After these sources came forward, the Voice filed a series of FOI requests. In early February the newspaper requested copies of all tender requests and corresponding bids for work done in East Fonthill. There are supposed to be at least three bids for each project.

The newspaper also requested copies of Council resolutions approving each of these bids, approval which is required by the contract.

None of these documents have been provided to date.

FOI requests must be responded to within 30 days. On March 7, Town Clerk Nancy Bozzato informed the Voice that the Town would be exercising a clause in the freedom of information act that allowed it an additional 30 days to respond. Bozzato asserted that the Town needed time to review records, and required the newspaper to deposit $75 dollars.

More than 60 days since Bozzato’s letter, the Town still has not complied with the FOI request and has produced neither the tenders nor the Council resolutions approving the awarding of contracts.

A former Town Hall staffer familiar with how Town records are kept, said that documents are generally stored on computers and are easily accessible.

“They would only have to go to the folder and press 'print,'” said the former staffer. “It should take about five minutes.”

Though Bozzato is ostensibly responsible for FOI requests, the former staffer asserted that in practice it is CAO Darren Ottaway who controls the flow of information.

“They are just pushing everything off to the election.”

UCC’s Jason Schooley, who, according to UCC’s Adam Keane, handled the tendering for the Town, did not respond to or acknowledge questions about the tendering process.

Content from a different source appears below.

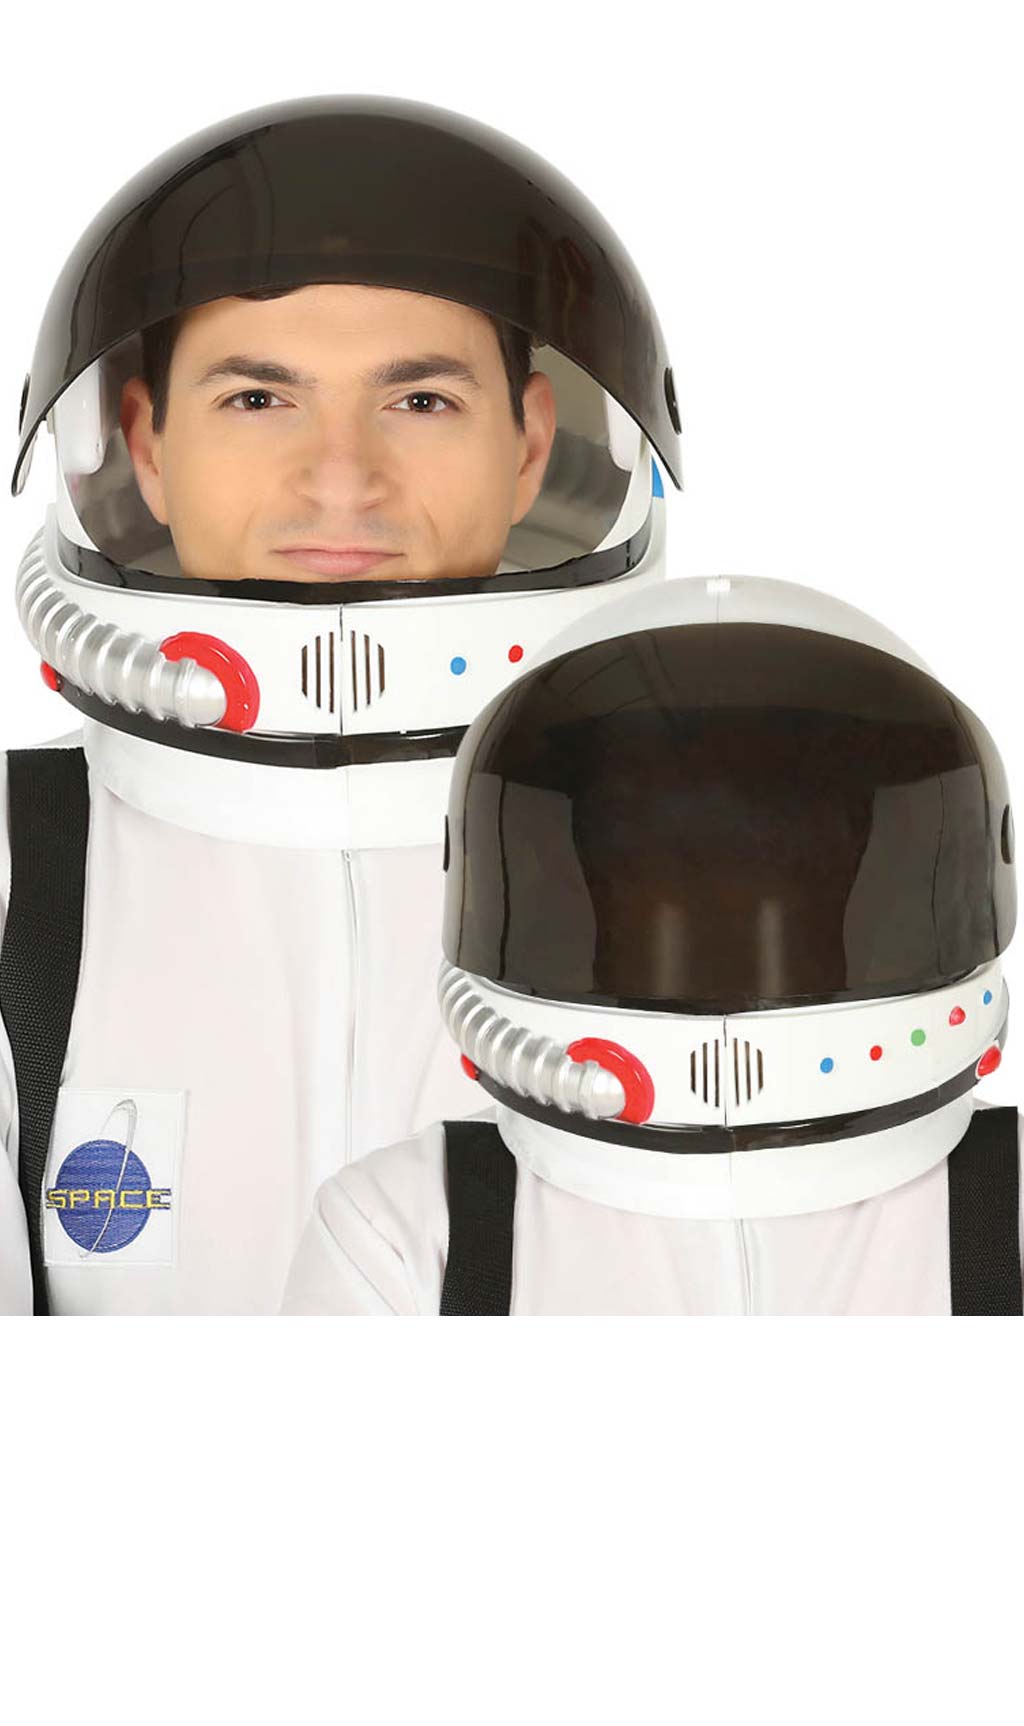 Casco da Astronauta Deluxe per adulto

The construction firm employees who came to the Voice asserted that the apparent absence of tendering for the projects runs contrary to standard practice.

“There’s no checks or balances on the pricing,” said one. “This is information that you should be able to get at the counter [in Town Hall]. It should be available on the website—it should be public. You shouldn’t have to pay for it. They are hiding something. You don’t just pay all that money without a paper trail.”

The two said that they don’t understand why these projects weren’t open for bidding from more contractors.

“Why would you ever want [to have fewer bids]?” they said, explaining that competition between firms ensures that the Town has work done at lower prices.

“When we put in a proposal for a project, we come to a [price]. Then we take a little off. Then we look, and take a little more off, and hope that we can get it,” they said.

“We’re not just bitter construction people upset we didn’t get a job. We don’t get every job. That’s how things go. But we always have a chance—that’s the way it’s supposed to work.”

They said that without seeing the projects they couldn’t provide an estimate for the work done, but said that the budgeted figures approved by the Town seemed high.

“There’s something wrong here—that much work and no tenders."